Here at THE HOWLER, we understand one of the things Pelosi knows: Many Dems in the House and Senate come from conservative districts. (For reasons we explained last week, there are many more Senate Dems from red-leaning states than Senate Reps from blue-leaning states. No, these people don’t believe that history ended last fall.) We still don’t understand the second thing Pelosi knows: We don’t really understand the reason for dumping reconciliation in the case of cap-and-trade. Bayh told Matthews the same sorts of thing Pelosi has now told Dionne. But so what? Weeks have gone by, and the progressive media we follow each day have made no attempt to explore this matter further.

It’s lots of fun to thunder and storm, complaining about those Corrupt Senate Dems. But this novelization becomes harder to swallow when we see Pelosi and Bayh say the same things about congressional strategies. What explains the cap-and-trade strategy? We don’t really know—and in the last three weeks, no one on MSNBC has made any attempt to pursue it.

One last point, concerning the way ideological media can sometimes self-edit:

Last Friday, Ana Marie Cox appeared on the Maddow Show.

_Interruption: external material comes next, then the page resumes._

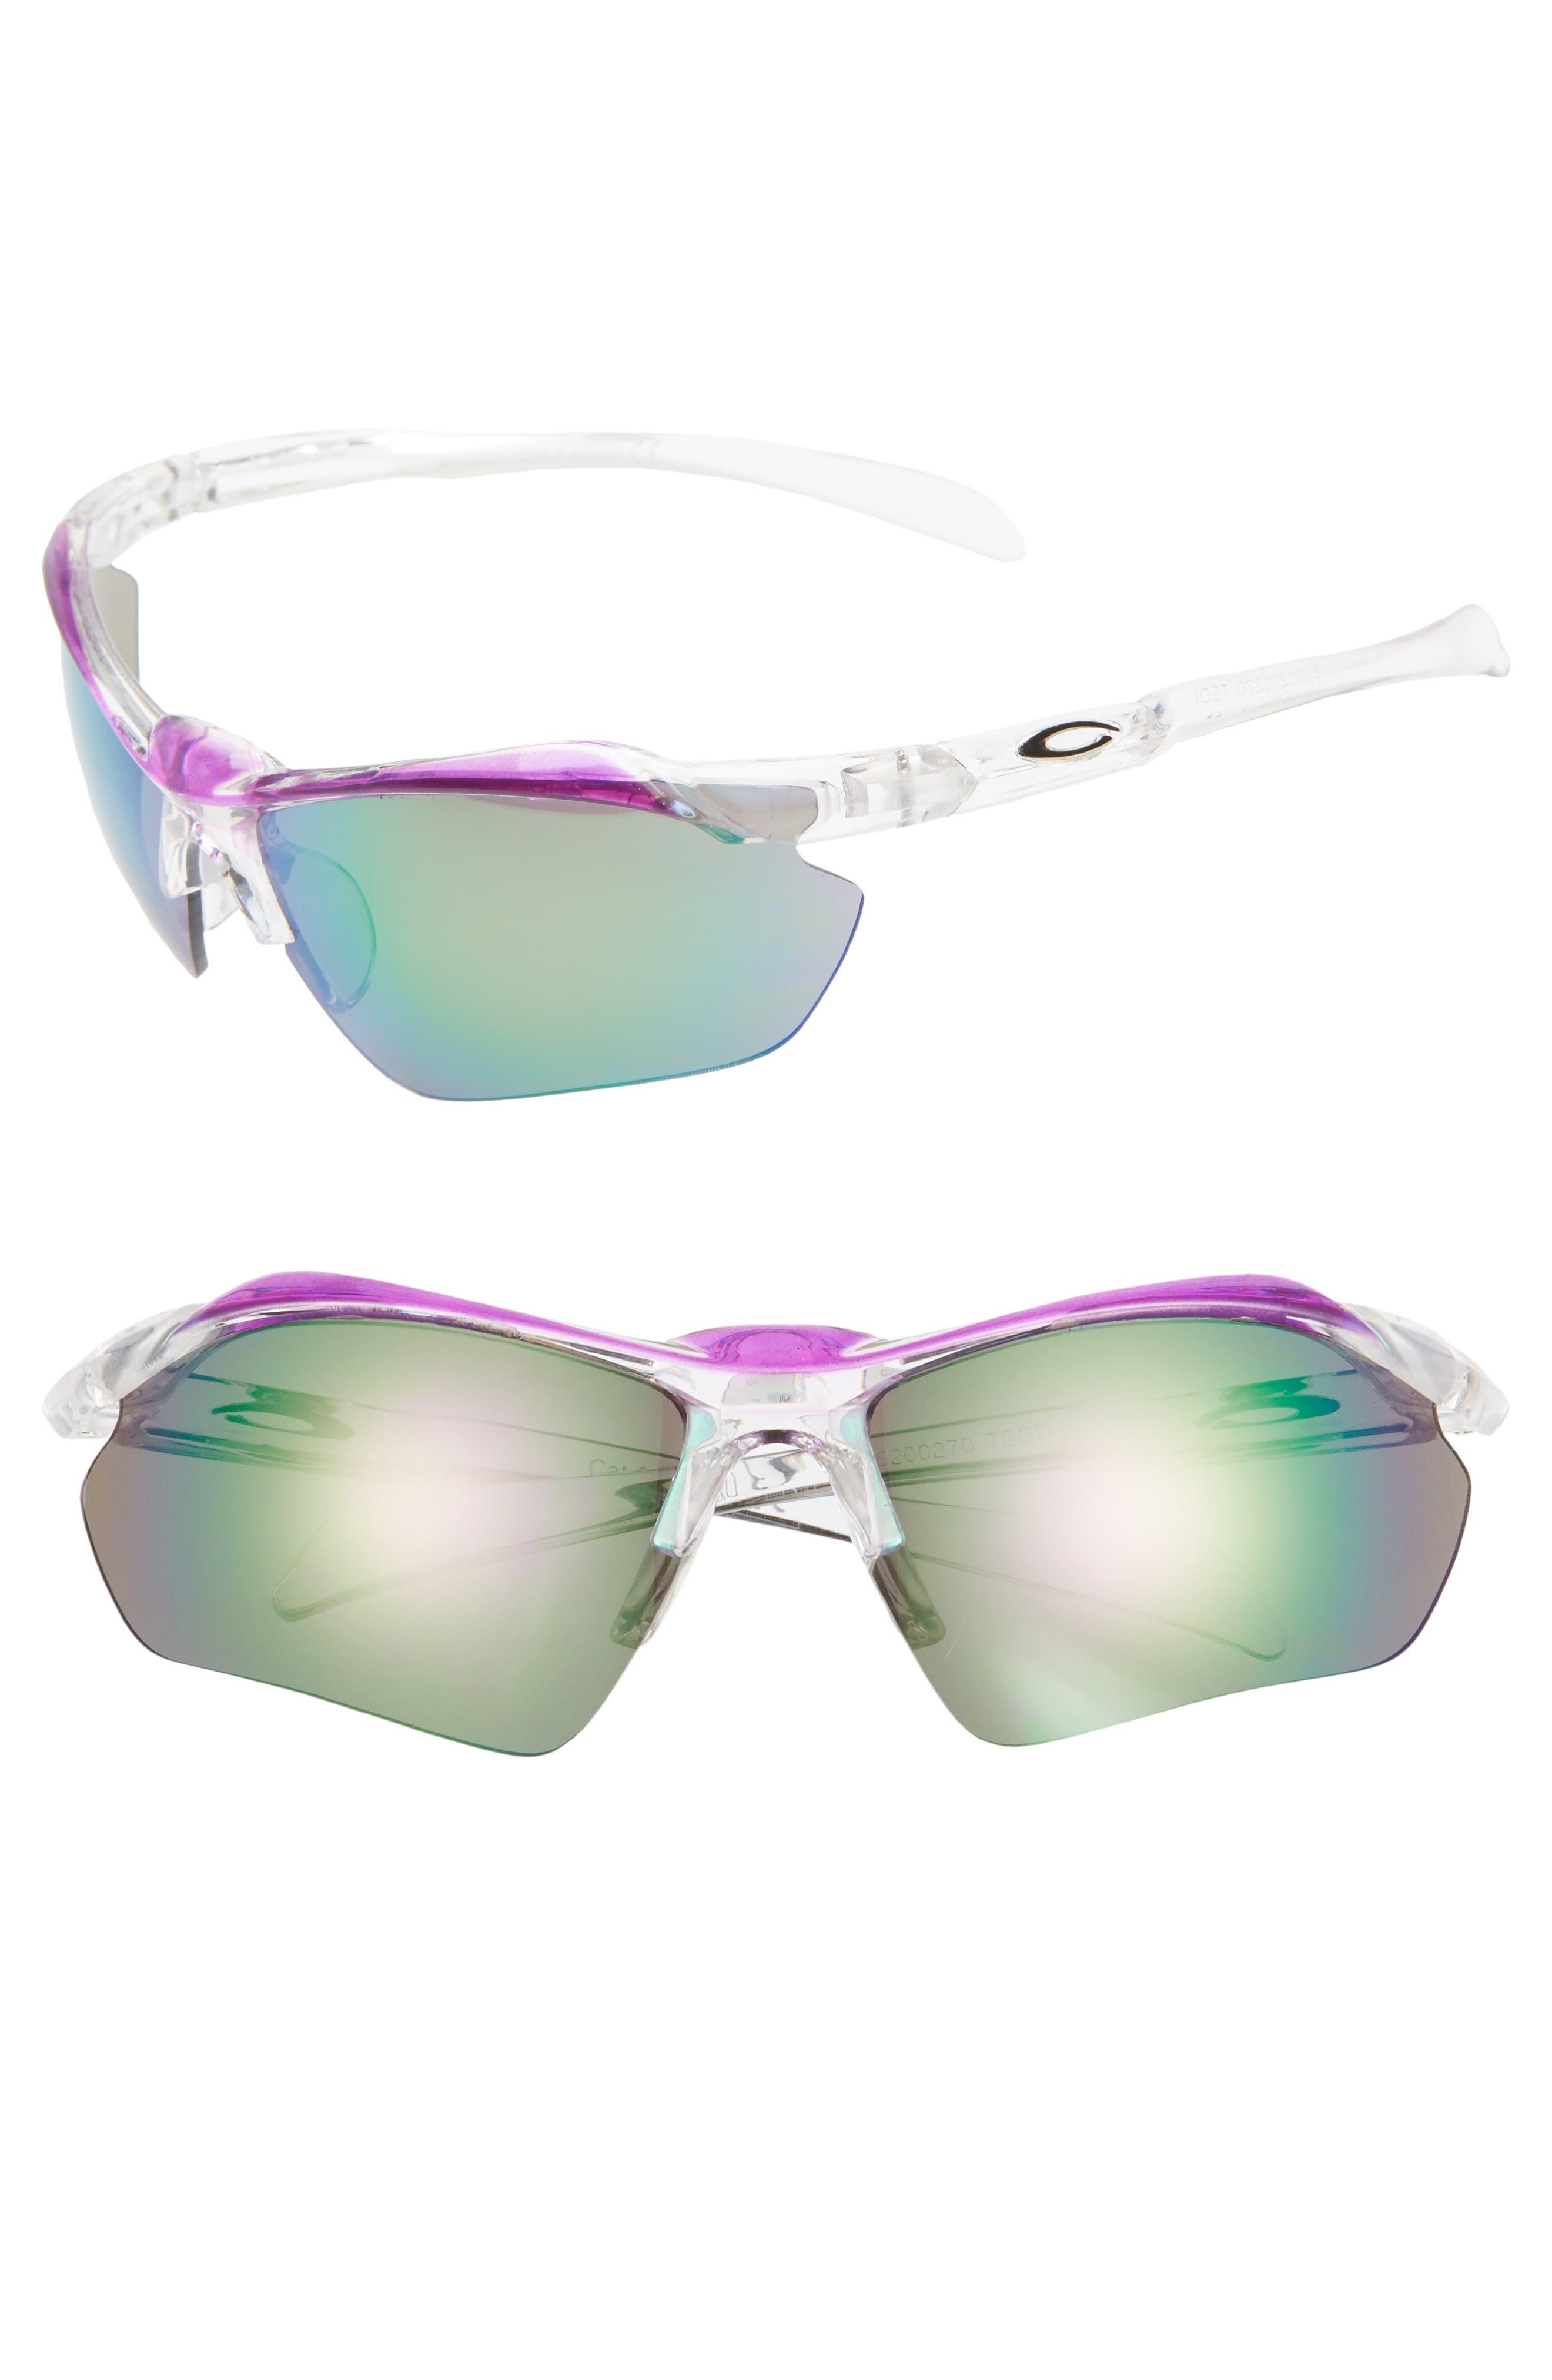 68mm Sport Shield Sunglasses,                             Main thumbnail 1, color,                             CLEAR/ PURPLE

In the ensuing discussion, Maddow extended her portrait of mustachio-twirling Bayh. (To watch the discussion, click this.) Maddow pretty much told us, a few weeks before, that sixteen Senate “conservaDems” were in the bag to corporate interests. But fourteen of these solons (Bayh not included) had just voted for Obama’s budget.

Maddow said she was surprised by this. In response, Cox said something odd:

MADDOW (4/3/09): But are you, are you with me on the conservaDems in the Senate, generally? I was surprised! All Evan Bayh’s so-called “moderate Democrats” abandoned him on the budget.

COX: Well, I am more sympathetic to the conservaDems than you are. But we can have that discussion some other time, preferably over cocktails.

MADDOW: [chuckles]

The pair proceeded to joke and snark about Stupid Dull Big Loser Bayh. But how odd! Cox said she was “more sympathetic to the conservaDems” than Maddow is. But rather than let us rubes know why, she said they could have that discussion later. Over cocktails, of course.

Soon, the pair were masterfully joking—and we rubes had been left in the dark.

Next week, we plan to do a series of posts about the ideal functions of our emerging progressive media. But let’s get clear on this one point: Progressives aren’t served by dumbed-down analyses of congressional politics. And progressives aren’t served when pundits like Cox keep their thoughts to themselves.

“Are you with me?” Maddow asked. Refusing to tell us rubes what she thinks, Cox gave her answer: Yes!